So Mercer was saying that hiding wasn’t an option. No, that hiding
with
the EOD wasn’t an option.
Logan was pretty sure he could make Juliana disappear just fine on his own.
He could see the struggle on Juliana’s face. Safety...where did it lie?
With me.
If she’d just trust him again.
“No hiding.” Juliana gave a slow nod. “That’s not...that’s not the way I want to live. I don’t want to be afraid, every day, that he’s coming after me.”
Did she even realize how strong she truly was?
“I want to go after him. I want Guerrero to fear. He took away so much.” She swallowed and exhaled slowly. “It’s time for me to take away from him.”
Damn straight.
“Let him think I have the evidence.
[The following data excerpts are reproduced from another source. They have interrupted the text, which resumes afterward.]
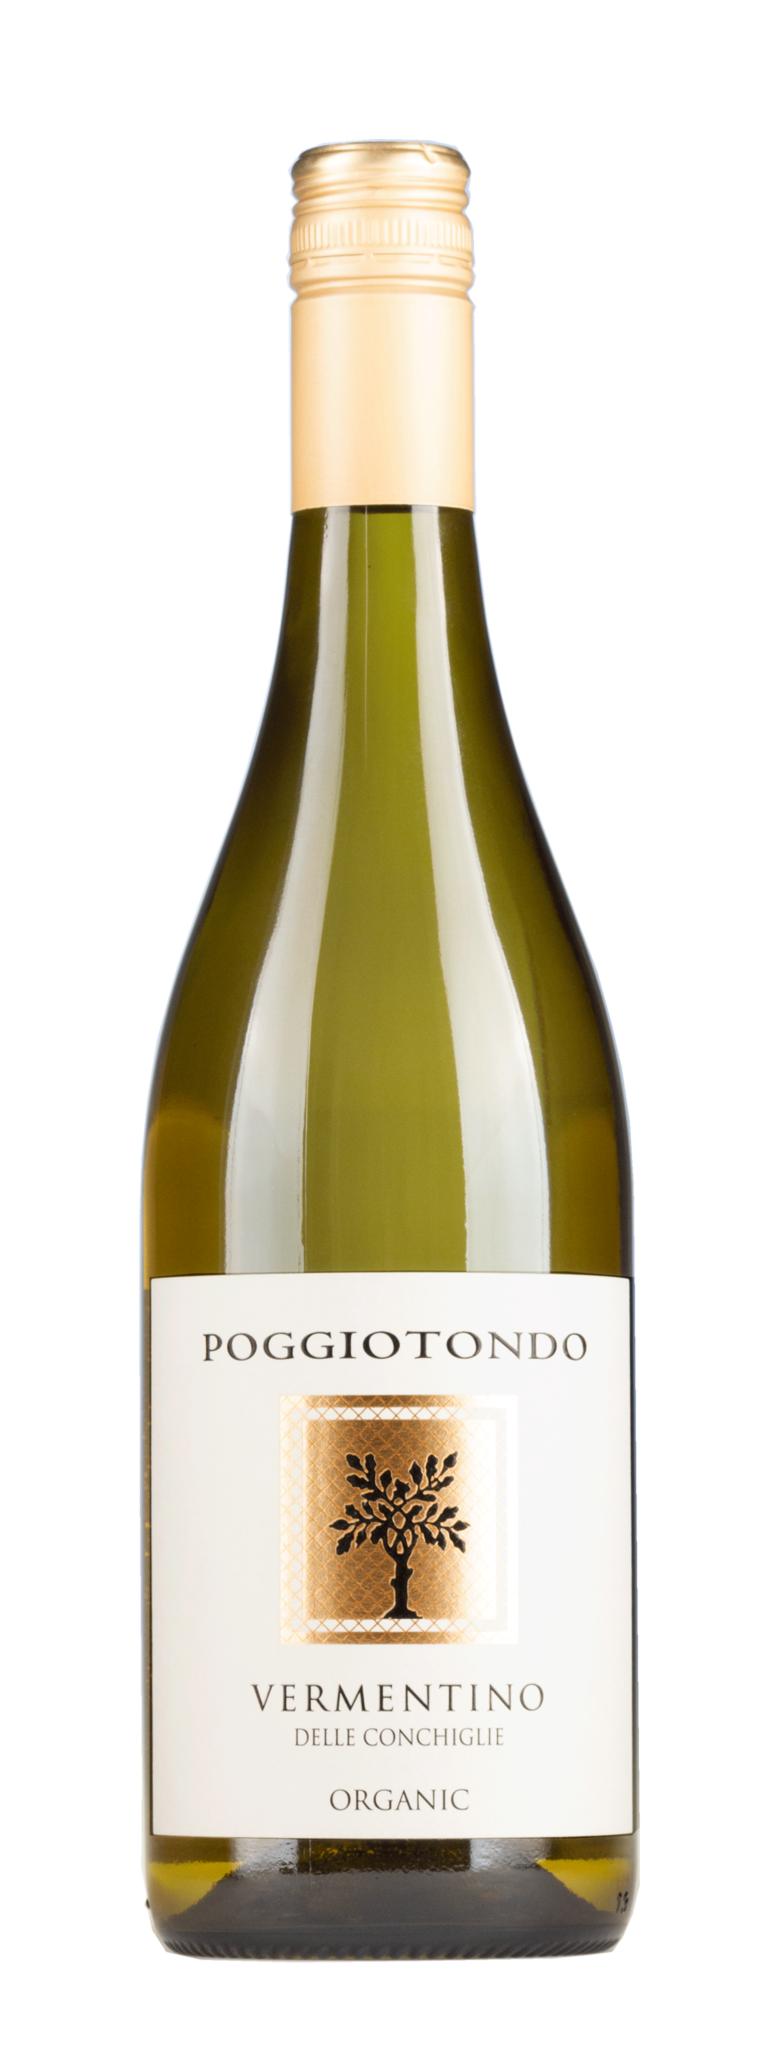 Poggiotondo, Toskana 2020 Vermentino,  Toskana Bianco IGT, Poggiotondo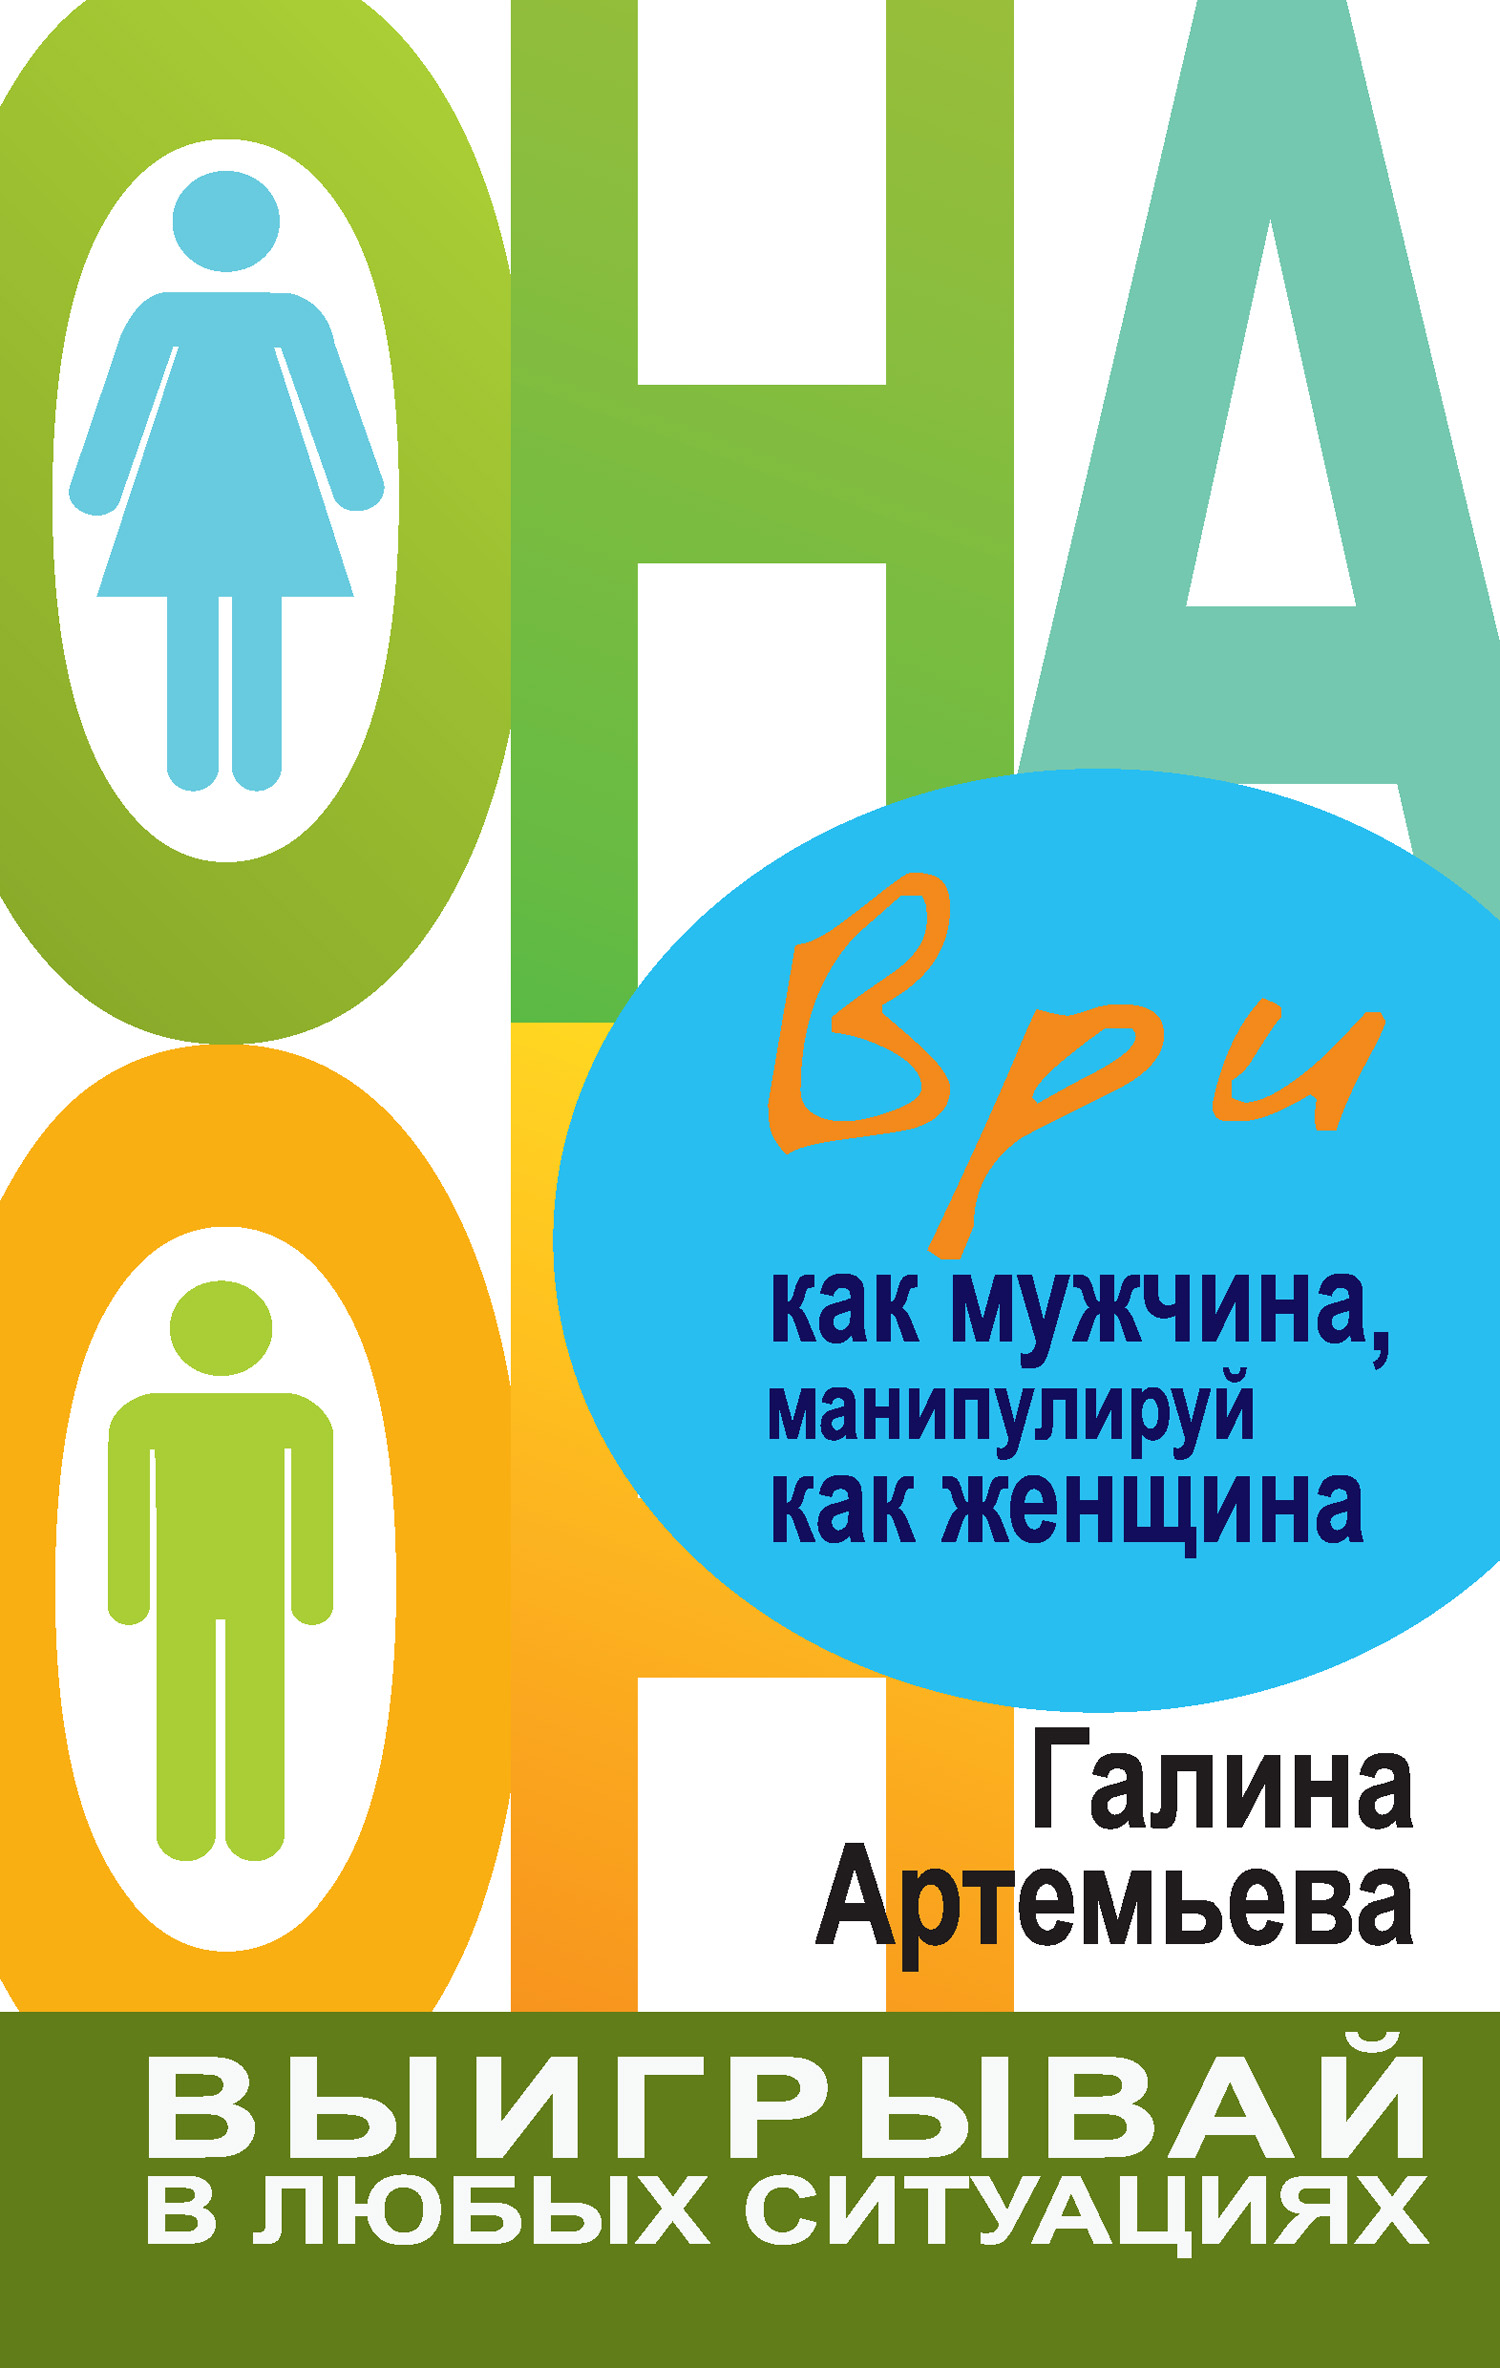 Галина Артемьева Ври как мужчина, манипулируй как женщина артемьева галина как взрослые люди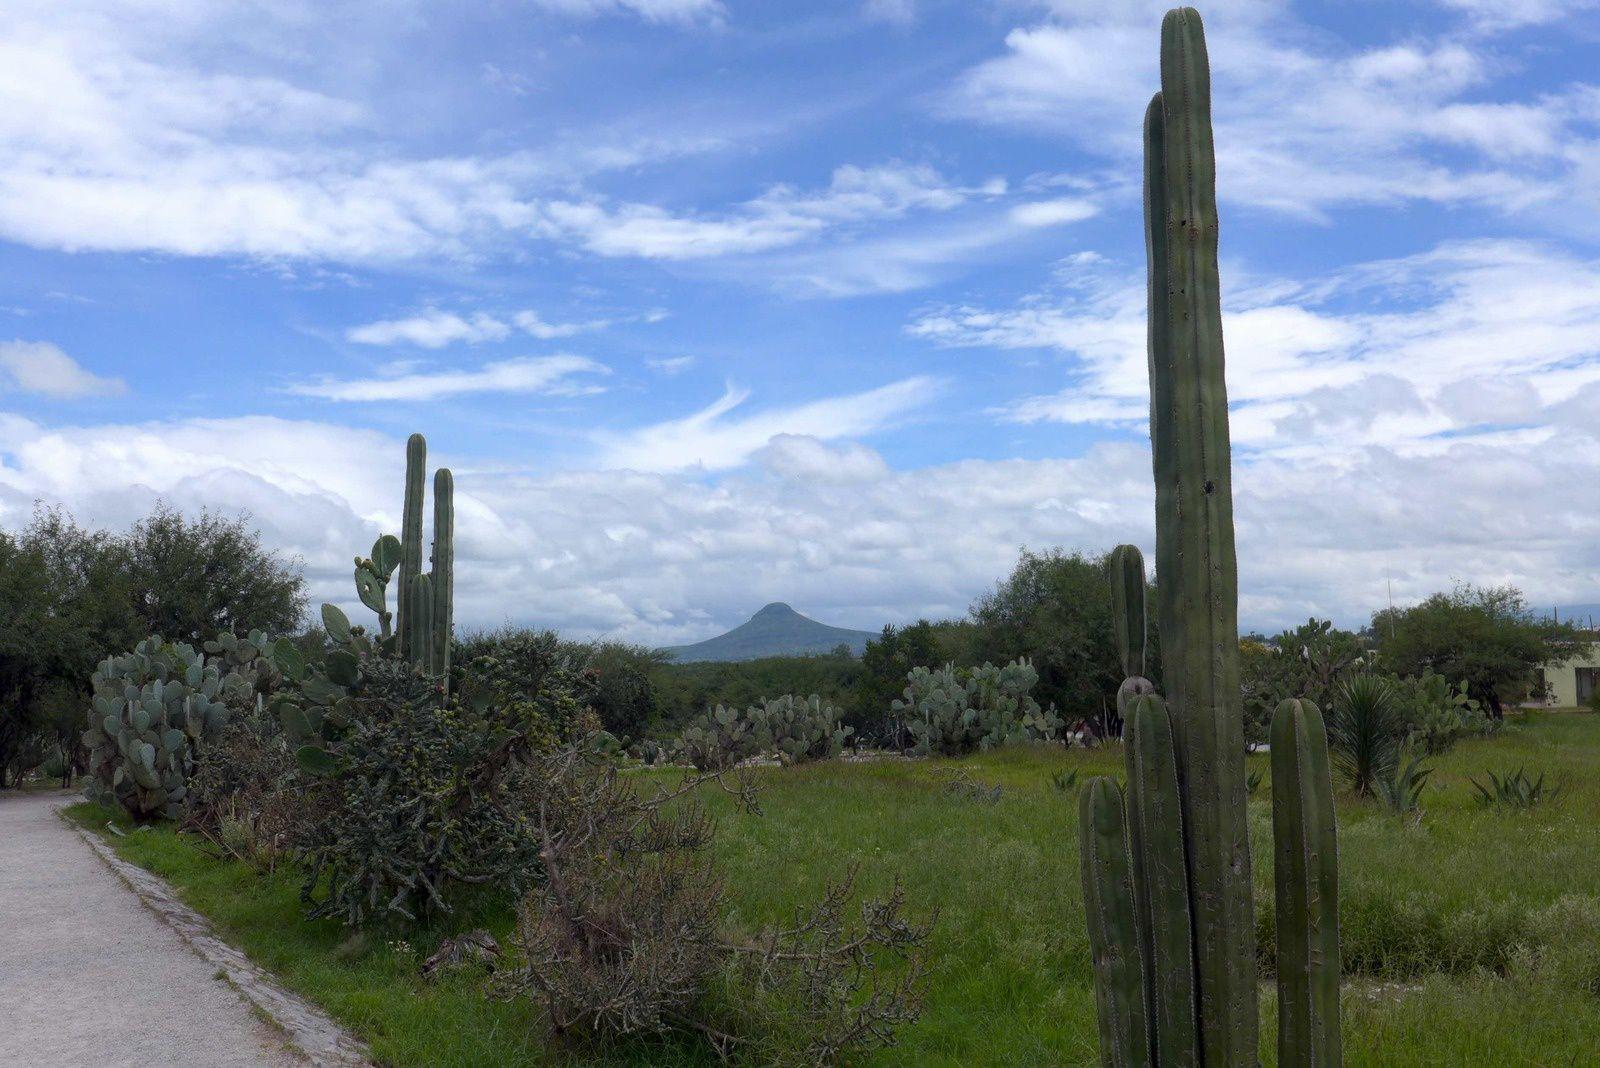 Tula petite balade dans les cactus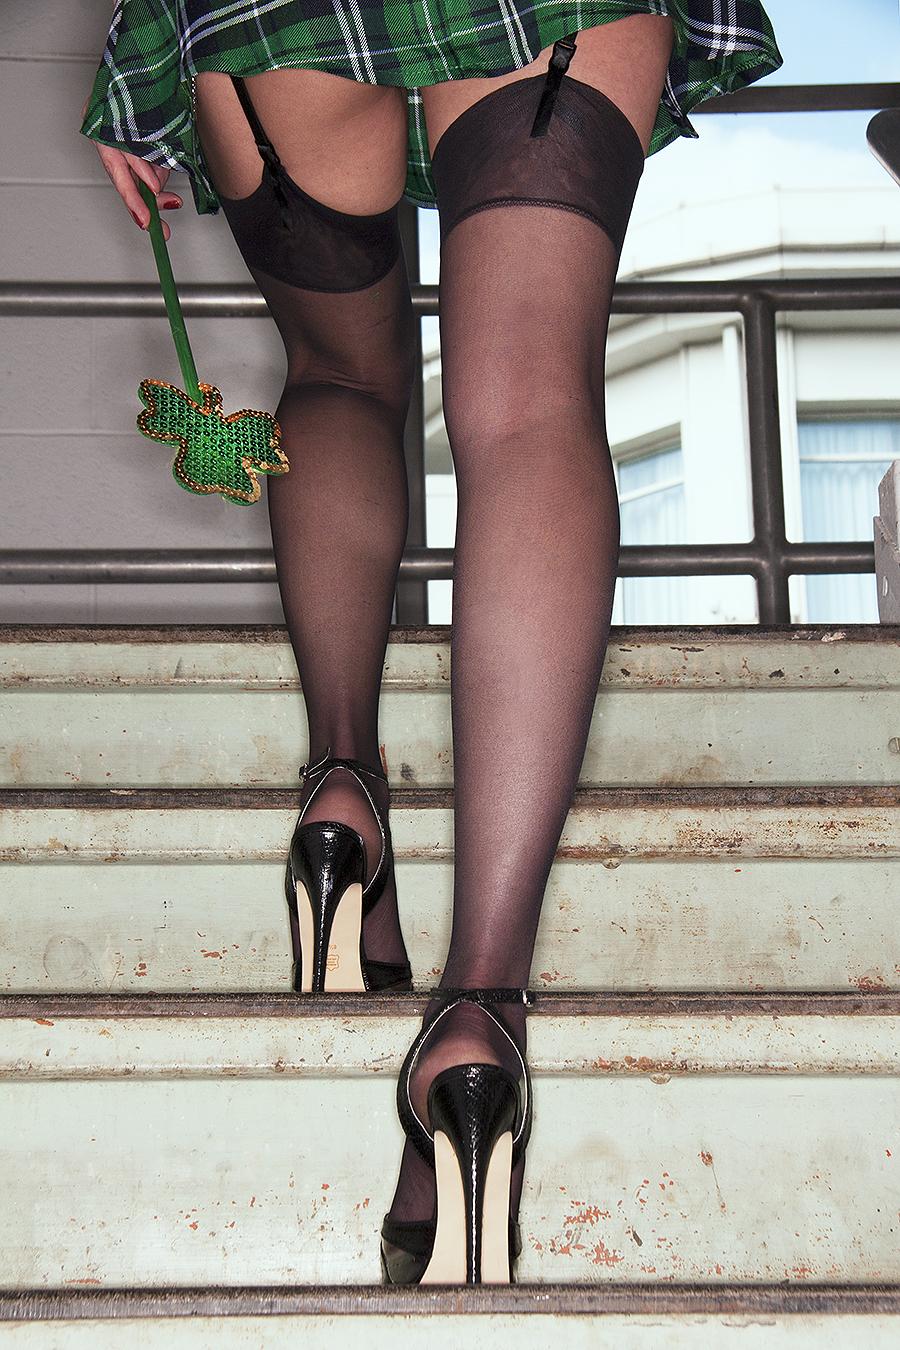 lucky lepricon high heels thigh highs upskirt st patricks day

Let him think we’re tearing his life apart.” Her words came stronger now. “And then let’s destroy him.”
“We will.” A vow.
* * *
D
IEGO STARED AT THE MAN
before him. A man who sat, bound, with his arms and legs tied to a chair. A black bag covered his head and the fool was screaming at the top of his lungs.
Did he actually think help would come?
Diego sighed. “Why were you getting ready to leave town, Mr. McLintock?” Because he had been. Diego had sent a man to follow McLintock months ago. Back when he’d first realized that the senator was holding back.
The senator had to trust someone. Someone had been there to help with all the deals.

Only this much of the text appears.